When I got home at 4:30am, with 6 bottles of left over booze, I was indeed a happy man. Until I realised I have to be up by 7.

At 7:30am the day from hell began, where the night from heaven had ended.

By 9 am was at the studio, where the album is in it's last stage of production. By 11 am I was falling asleep, and my attention span was as short as Jehan Mubarak's longest innings. I was craving for some sleep. But it was not to be. I ran home at 2pm, ate, showered, ran out again carrying a 40kg amplifier, my guitar and a man bag of necessities for the gig. We had another drummer playing with us tonight as Jim is out of the country, so I had to run to his house and make sure he was tight with the songs. By 4pm that was all sorted. Got to Rockapoluza 2 as fast as we could. It seemed nice and chilled out. But my confidence was lagging. We hadn't practiced as a band in a while; the bassist hadn't even met drummer-for-the-night properly. To cut a long and horrible story short, when we came up to play we fucked up. It made us sound below amateurish and there's no one else to blame but ourselves. This was the perfect opportunity to dish out some of our music to an audience who had never heard us before. Our song selection was poor, our co-ordination was shit, and we went right after Powercut Circus, probably one of the top 3 alternative bands in town. We really missed Jim this eve.

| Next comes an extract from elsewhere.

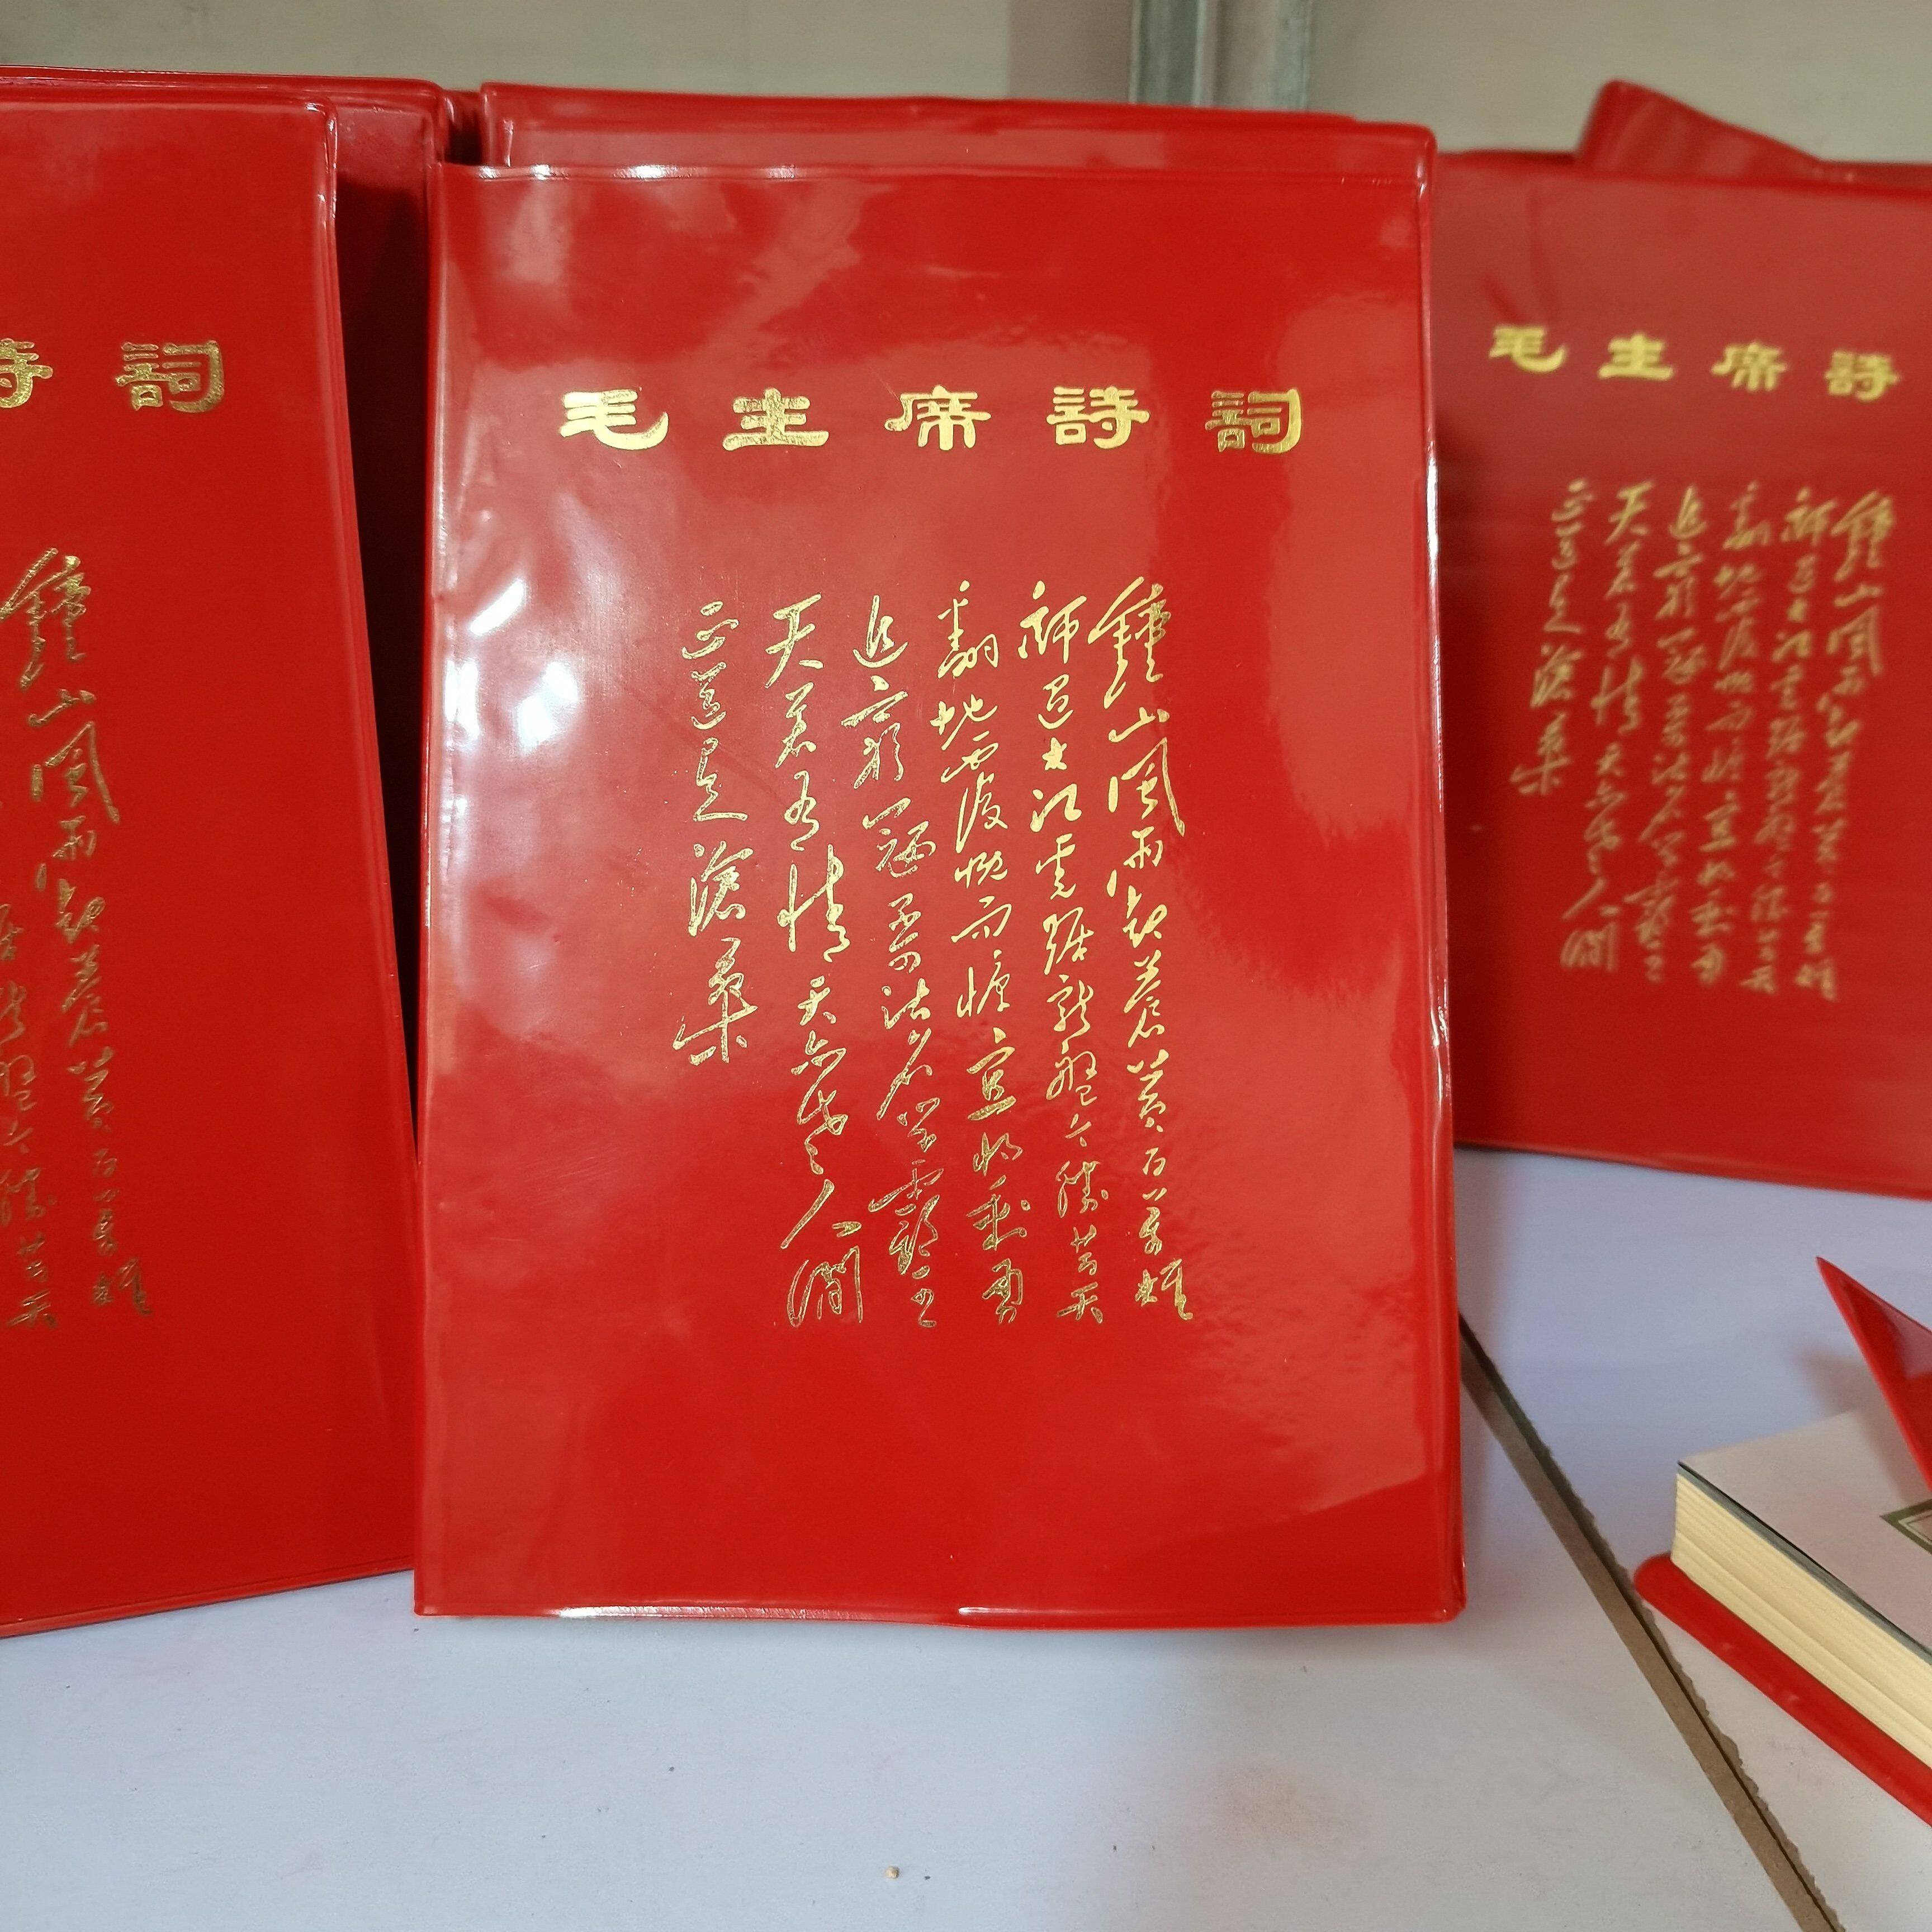 Selected poems of Chairman Mao s quotations Chinese version of Red

He definitely brings out the best in us, and is the key ingredient to how tight we are as a band.

I had a bad day as a guitarist. I kept missing my notes, and my guitar tone was rubbish. Live and learn they say. One thing's for sure; the bitter lesson is that you should never take any gig too lightly. I swear to you now, I will never play another gig without adequate prep. There's too much embarrassment and humiliation involved in fucking up live.

1 musings:

Rhythmic Diaspora said...

A valuable and painful lesson.

Remember Confab, drummers are very, very important.